MultiAgentEval Guide¶
This document is the single authoritative reference for using, extending, and developing the MultiAgentEval framework. It is organized into three levels: Quick Start, User Manual, and Developer Guide.
1) Quick Start (Get Running in 60 Seconds)¶
1.1 Install and Run¶
-
Clone and install MultiAgentEval:
-
Run the Quickstart Demo:
What it does: Spawns a mock sample agent, runs a troubleshooting evaluation, and generates a Premium HTML report in reports/.
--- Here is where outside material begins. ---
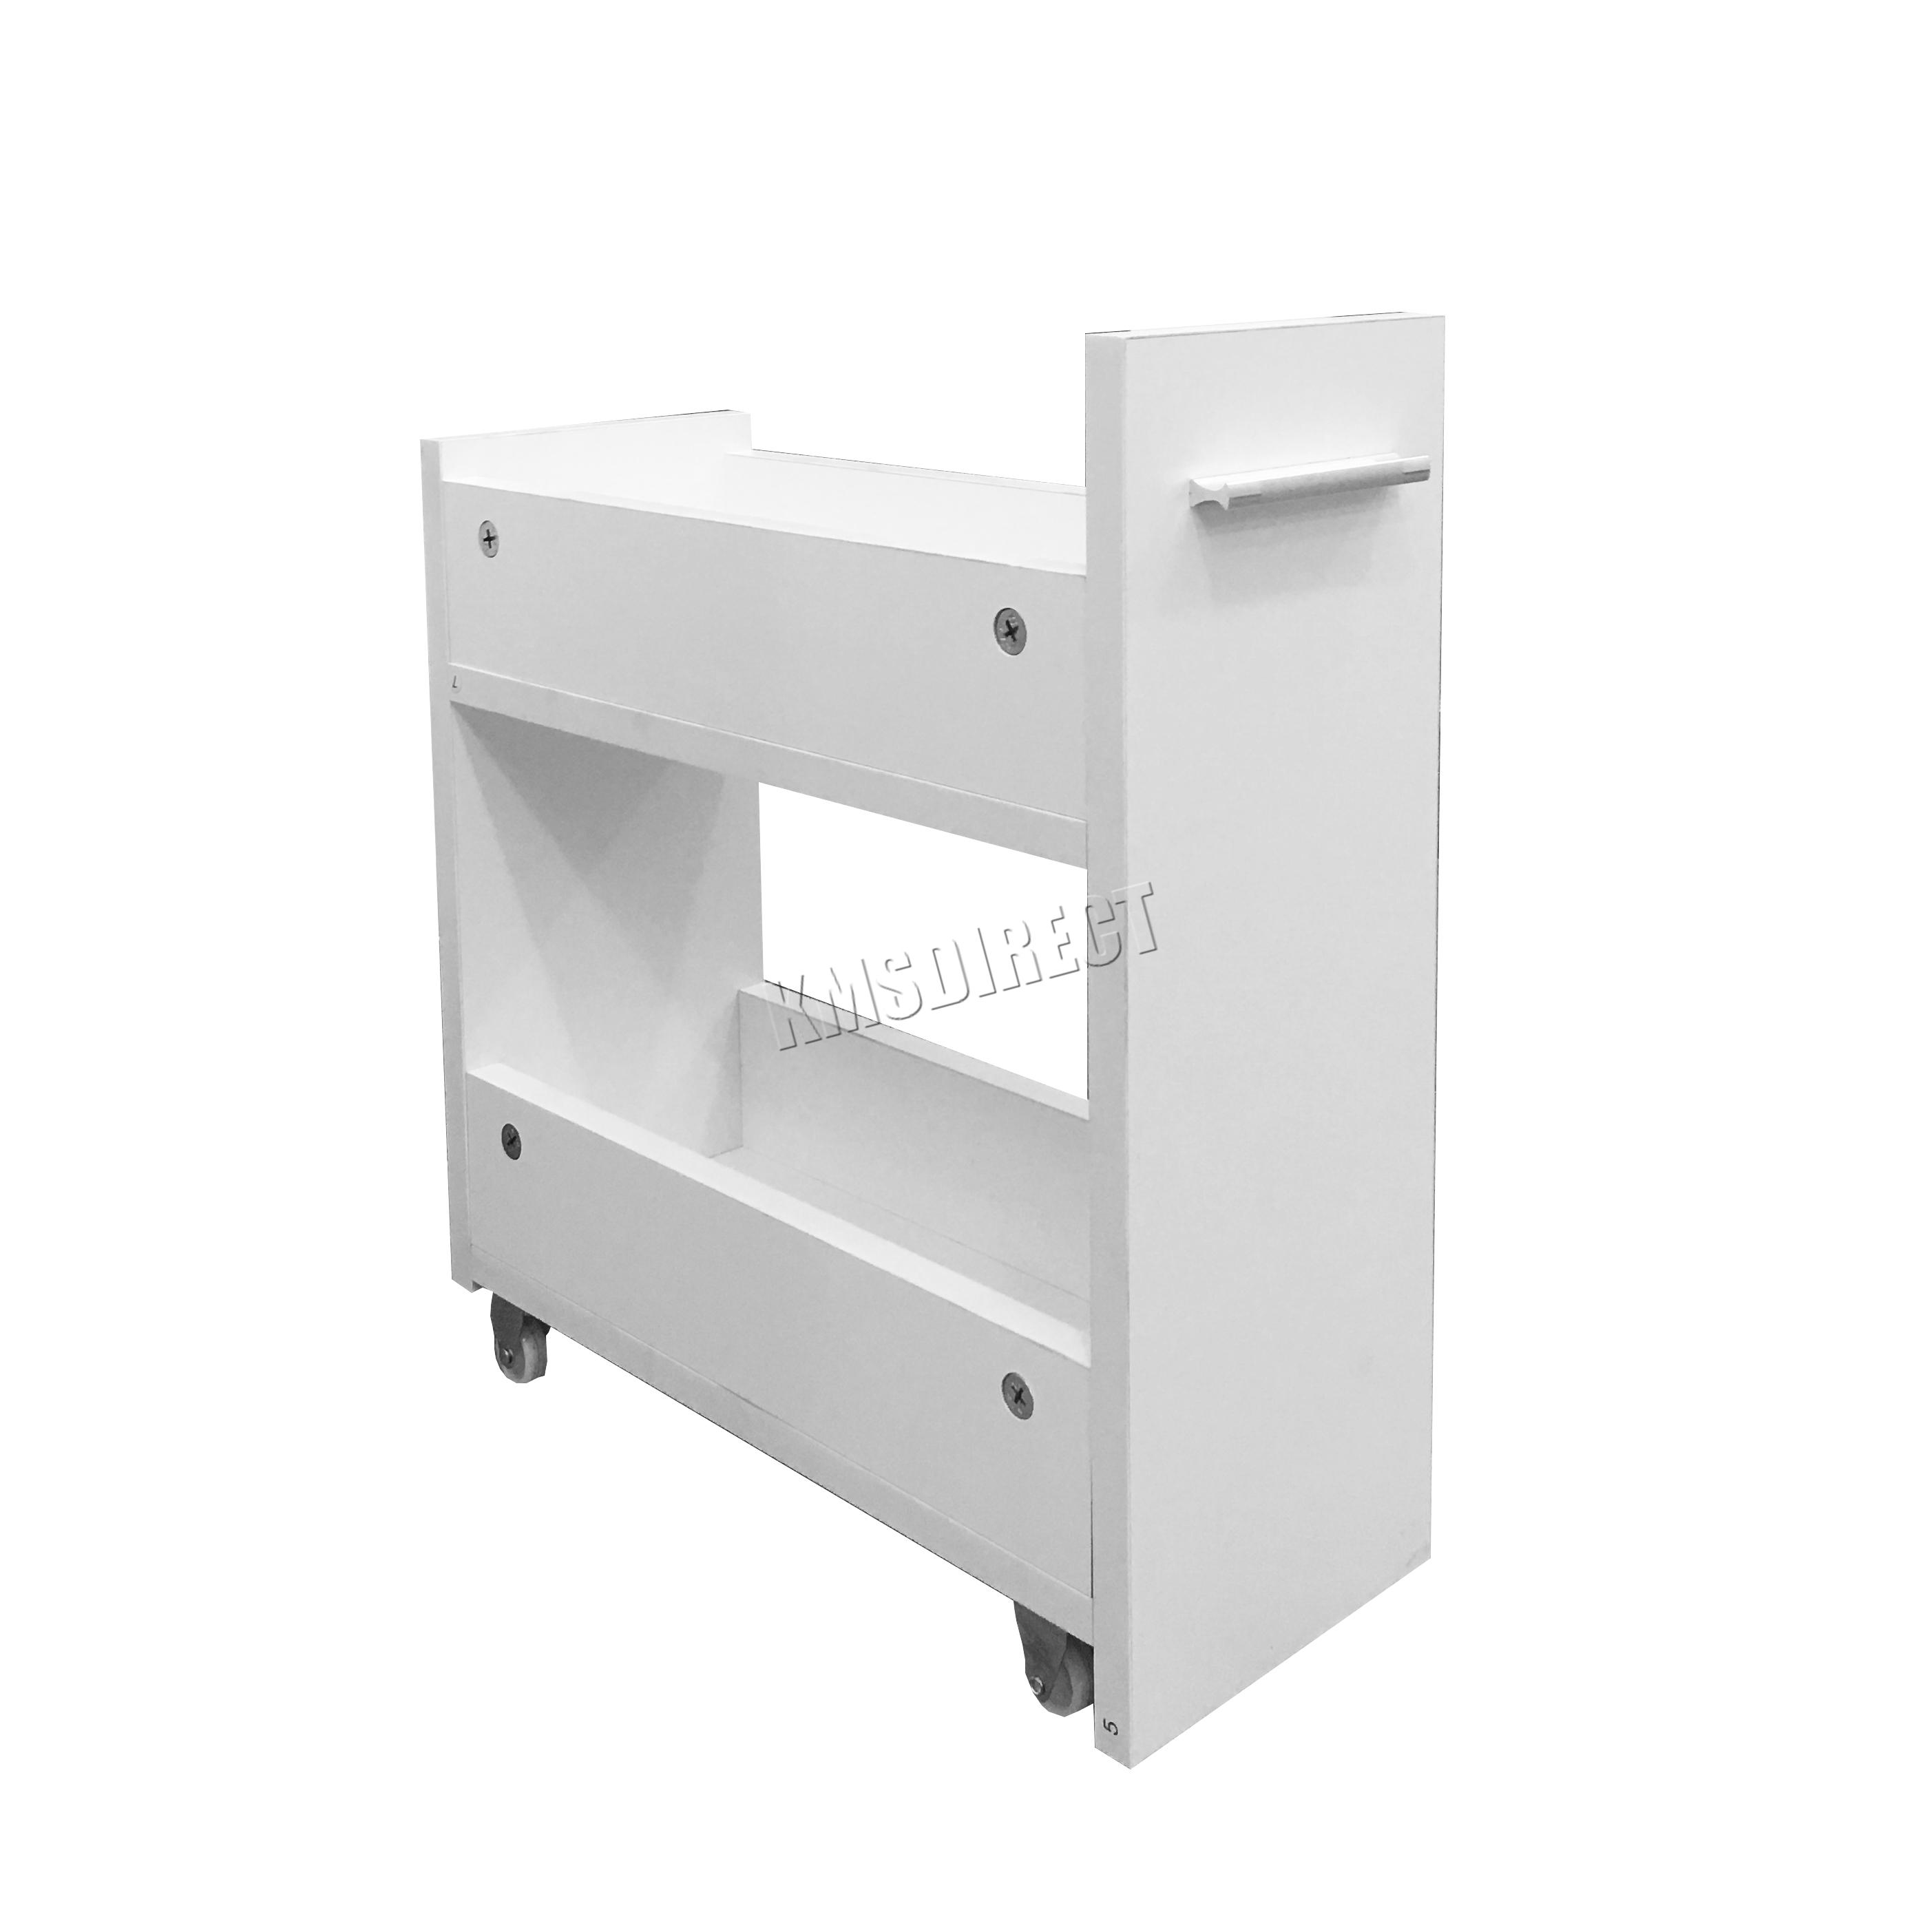 Sentinel Foxhunter Bathroom Kitchen Slide Out Storage Drawer Cabinet Slim  Cupboard Unit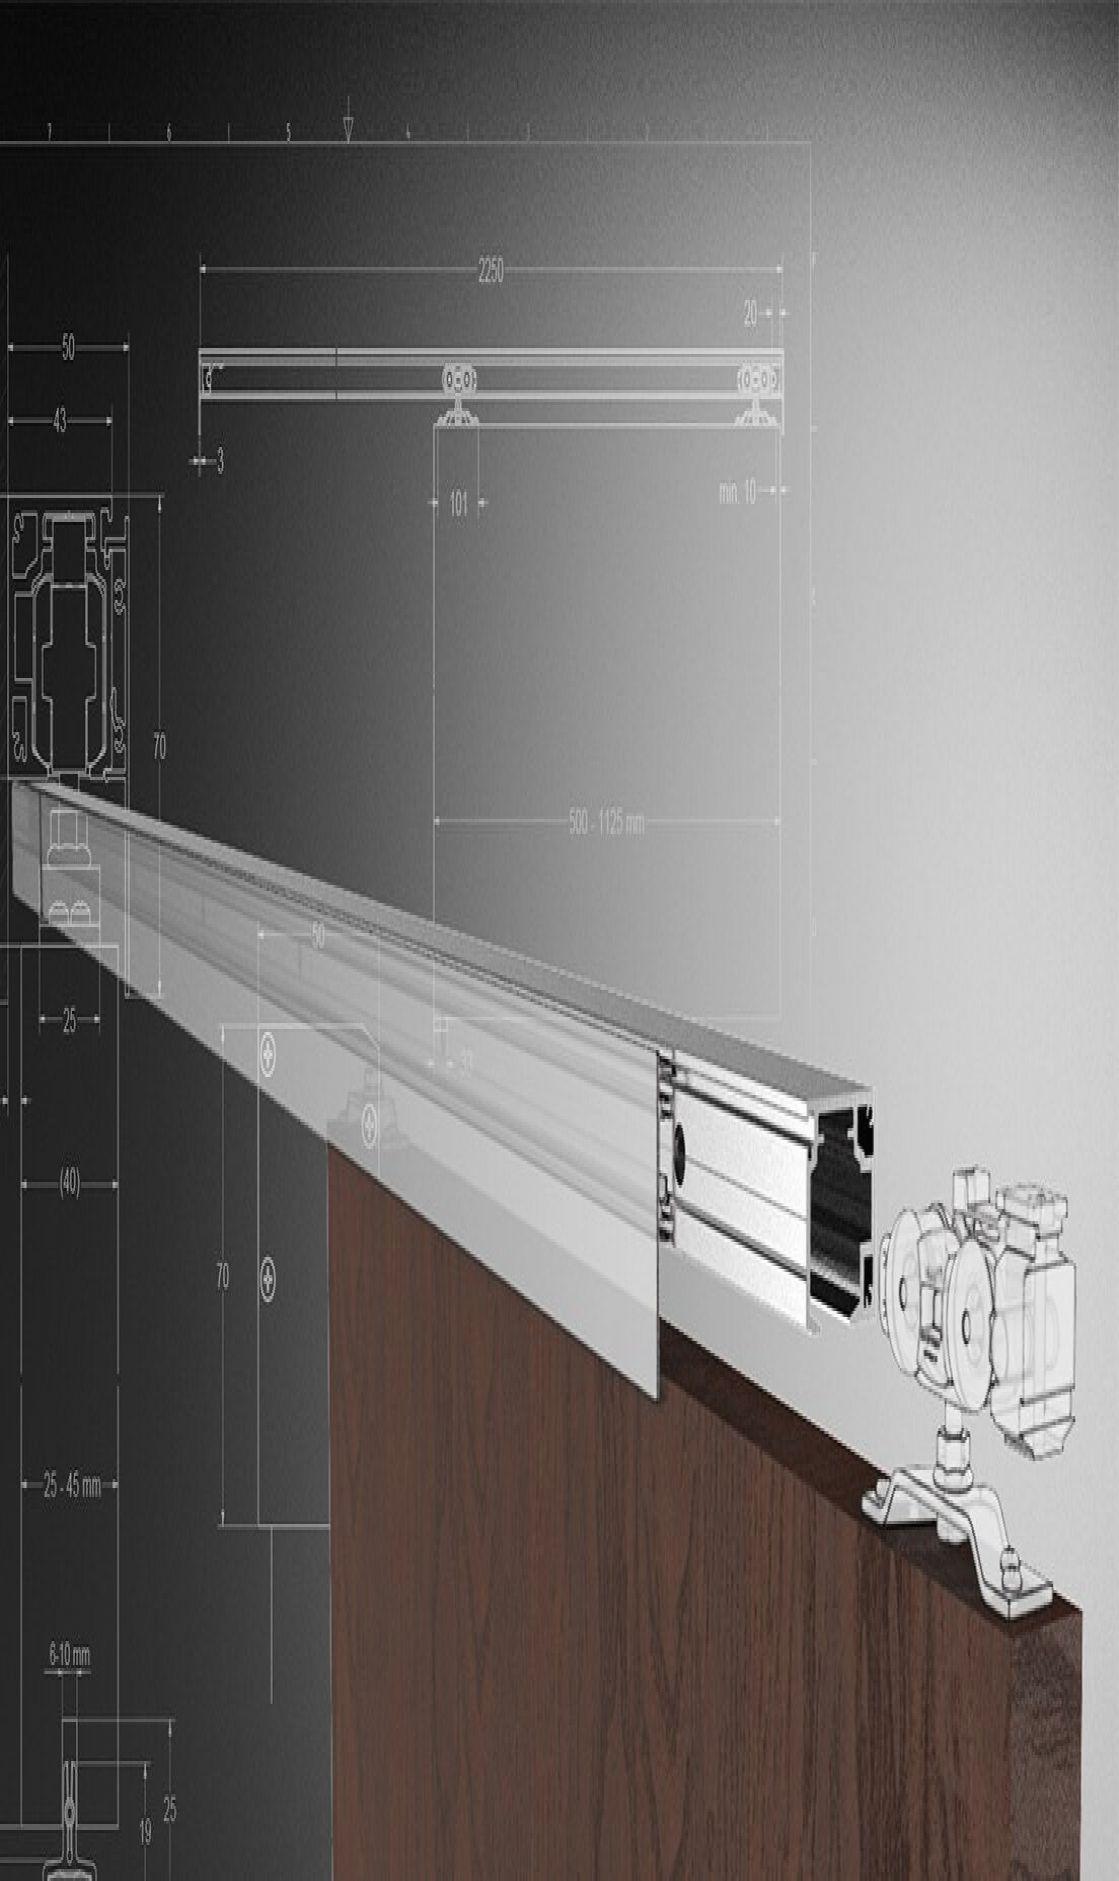 22 Cool Schrank Schiebeturen Schienensystem In 2020 Bathroom

[!TIP] Integrated Visual Suite: Launch the premium web dashboard via
multiagent-eval console. It now features a Live Debugger that streams real-time state from your evaluations using the Zero-TouchRemoteBridgePlugin.
1.2 Useful CLI Commands¶
multiagent-eval console: Launch the React Visual Debugger GUI for visual management.multiagent-eval doctor: Check your environment health.multiagent-eval list --search <query>: Search the scenario catalog (supports faceted filtering).multiagent-eval lint --path <path>: Verify scenario quality and AES specification compliance.multiagent-eval spec-to-eval --fill-defaults: Convert rough specs into valid, lint-passable scenarios.multiagent-eval auto-translate --input <doc>: Convert PDFs/Docs into JSON scenarios using Ollama.multiagent-eval run --scenario <benchmark-uri>: Zero-config execution for community benchmarks (GAIA, AssistantBench).multiagent-eval report --path <path>: Generate a standalone Premium HTML report (reconstructed from any.jsonltrace).multiagent-eval replay --path <path>: View the step-by-step history of a run in terminal.- Advanced Utilities:
install,analyze,ci generate,failures search, andexplain.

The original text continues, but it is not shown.